Foster care and adoption

There is a significant overrepresentation of Indigenous children in child welfare systems in all of North America. 

In 2021 in Canada, the total Indigenous foster child rate was 14.1 times greater than the non-Indigenous foster child rate, with some differences between First Nations, Inuit and Métis children.

In the past decade, there was an increase in the overrepresentation of Indigenous children among foster children in private households, with Indigenous children accounting for 47.8% of all foster children in 2011, to accounting for 53.7% in 2021.

In 2019 in the US, American Indian and Alaska Native children were overrepresented in state foster care at a rate 2.66 times greater than their proportion in the general population.

Additionally, cases of concern of abuse are more often investigated and substantiated for Indigenous children compared to white children. These numbers are very high and quite concerning, and there is also quite some history tied to why this is currently the case. 

History

– In 1958 the Bureau of Indian Affairs created the Indian Adoption Project, administered by the Child Welfare League of America, to promote adoption of Indigenous children from 16 Western states by white families in the East.

– The purpose of this act was to allow children to escape their reservations and be raised in middle and upper-class families, where they would learn morality and values, would gain resources that would provide good education, which would then give them access to the American Dream.

– Margaret Jacobs, non-Native author of a book on forced Indian adoption: “when you removed a child and put them in a non-Indian family, they wouldn’t be getting to know other Indian people as they would in boarding school, they would hopefully be raised in a middle-class family. And so the idea was that they would be fully assimilated, and at no cost to the government”

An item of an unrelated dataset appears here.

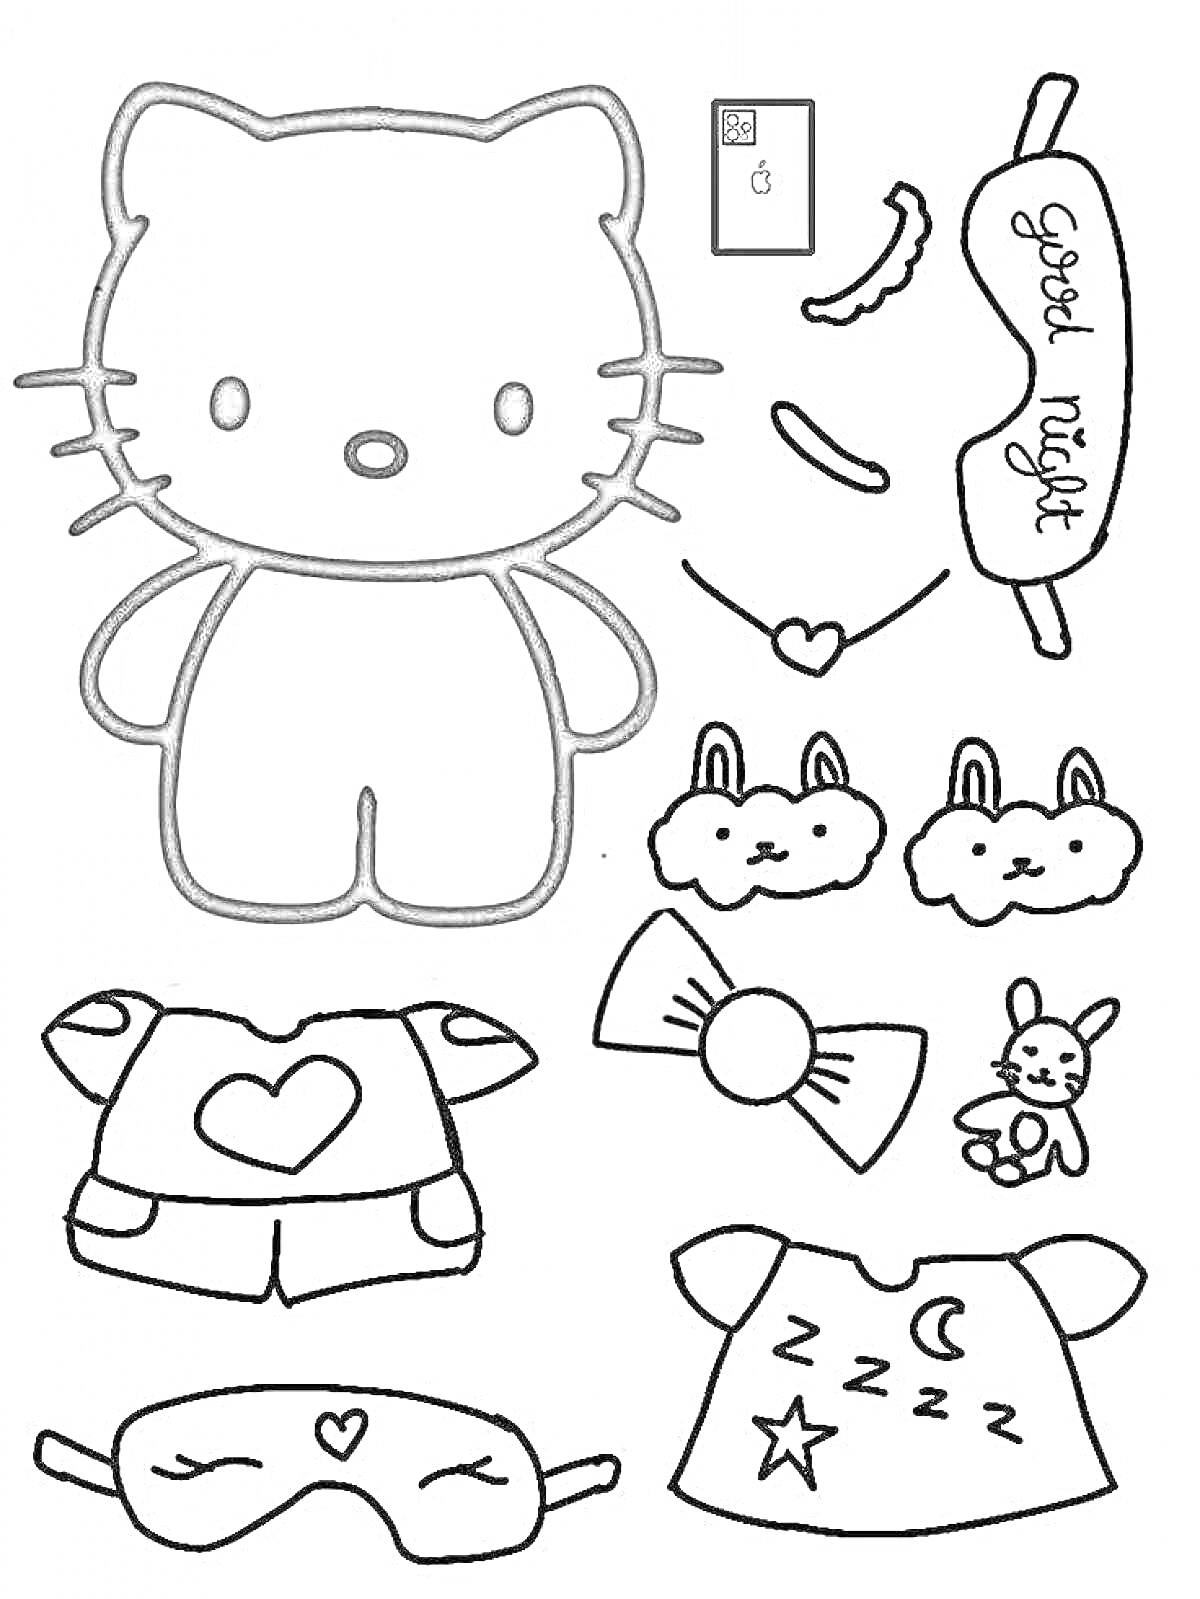 Раскраска Hello Kitty с комплектом одежды и аксессуаров для сна (маска для сна, пижама, носки, тапочки, игрушка, подушка)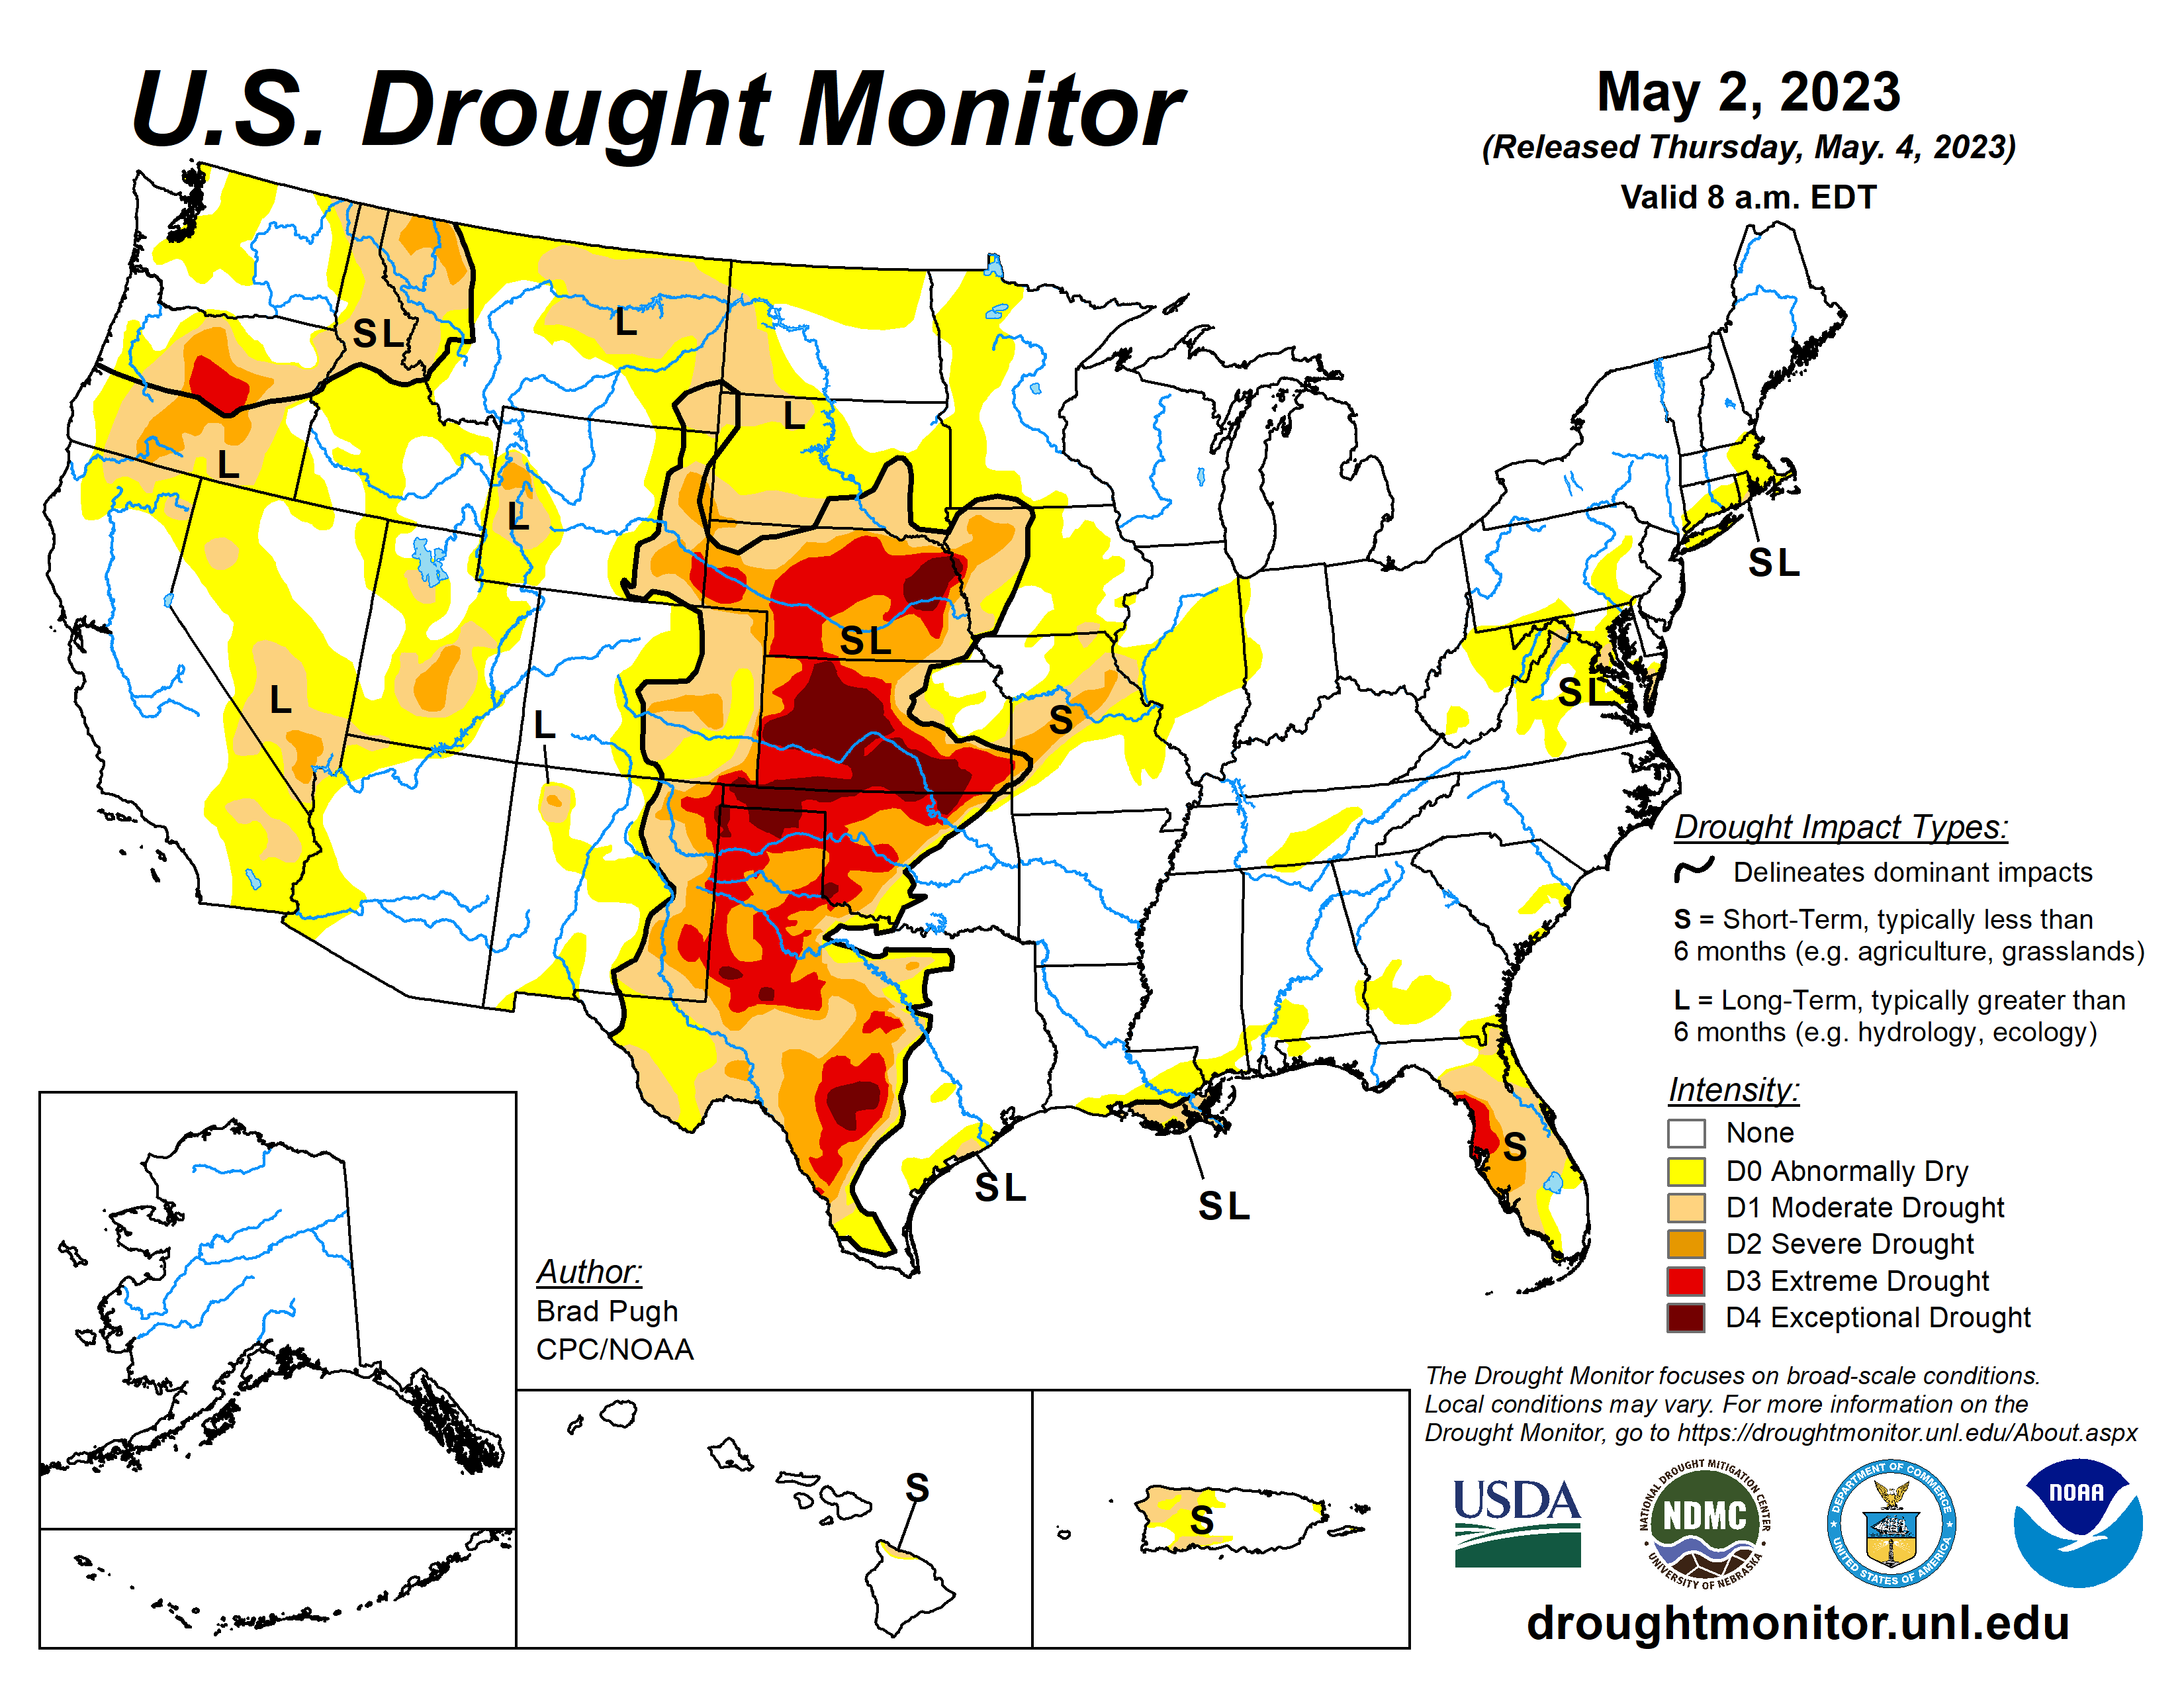 U.S. Drought Monitor map

– By 1972, between 25% and 35% of American Indian children had been removed from their homes. About 85% of these were adopted by non-Indigenous families. The ages of the children ranged largely between birth and 11 years old, and almost half that were placed in adoptive families were under a year old.

– The adoption of children was even advertised, and it targeted white families by claiming that not to adopt would be choosing to leave Indigenous children with no chance of survival, suggesting that their own families would not be able to provide for them, so it’s up to white families to help.

– The project enlisted social workers to visit reservations and convince parents to sign away parental rights. Some social workers also used coercive means to take the children, for example, by threatening the parents to terminate their welfare payments if they opposed it.

– A form developed by the Bureau of Indian Affairs, which was called ‘authorization of an infant’ did not say anything about adoption, losing one’s child, or giving up rights to one’s child. So, legal language was a tool used to manipulate families into signing their children over.

In the 1970s, Indigenous activists and allies criticized the Indian Adoption Project, and called it out for being yet another genocidal policy to destroy the cultures of Indigenous communities.

– In one of the hearings in 1974, director of the Association on American Indian Affairs said that “a survey of North Dakota tribes indicated that of all the children that were removed from that tribe, only 1% were for physical abuse. About 99% were taken on the basis of such vague standards as deprivation, neglect, taken because their homes were thought to be too poverty stricken to support their children”.

– So, between 1974 and 1977, Congress carried our hearings into adoption processes.

– In 1978 the Indian Child Welfare Act was introduced.

– Approx. from 1951 until the 1980s, the Sixties Scoop referred to the forced removal of Indigenous children from their families. This began in 1951, when changes to the Indian Act gave the provincial government authority over Indigenous child welfare.

Social workers did not have any training in dealing with Indigenous communities, so they had no idea about their culture and history, and what they viewed as proper care was based on Western values. For example, social workers who saw families following a traditional Aboriginal diet that consists of dried game, fish, and berries, or when they saw that their kitchen set-up did not look like the typical Western one, the social workers assumed that the children were not being provided for.

– By the mid-1960s, the number of Indigenous children in the child welfare system in some provinces was over 50 times more than it had been in the beginning of the 1950s. – By the 1970s, around 1 in 3 children in care were Indigenous, and around 70% of those children were placed in non-Indigenous homes. In most of these homes, any knowledge of their heritage was denied, and sometimes the adoptive parents would even tell their children that they’re French or Italian.

– Even those who suspected about their true heritage couldn’t confirm it, because the government policy at the time did not allow birth records to be opened unless both the child and parents consented.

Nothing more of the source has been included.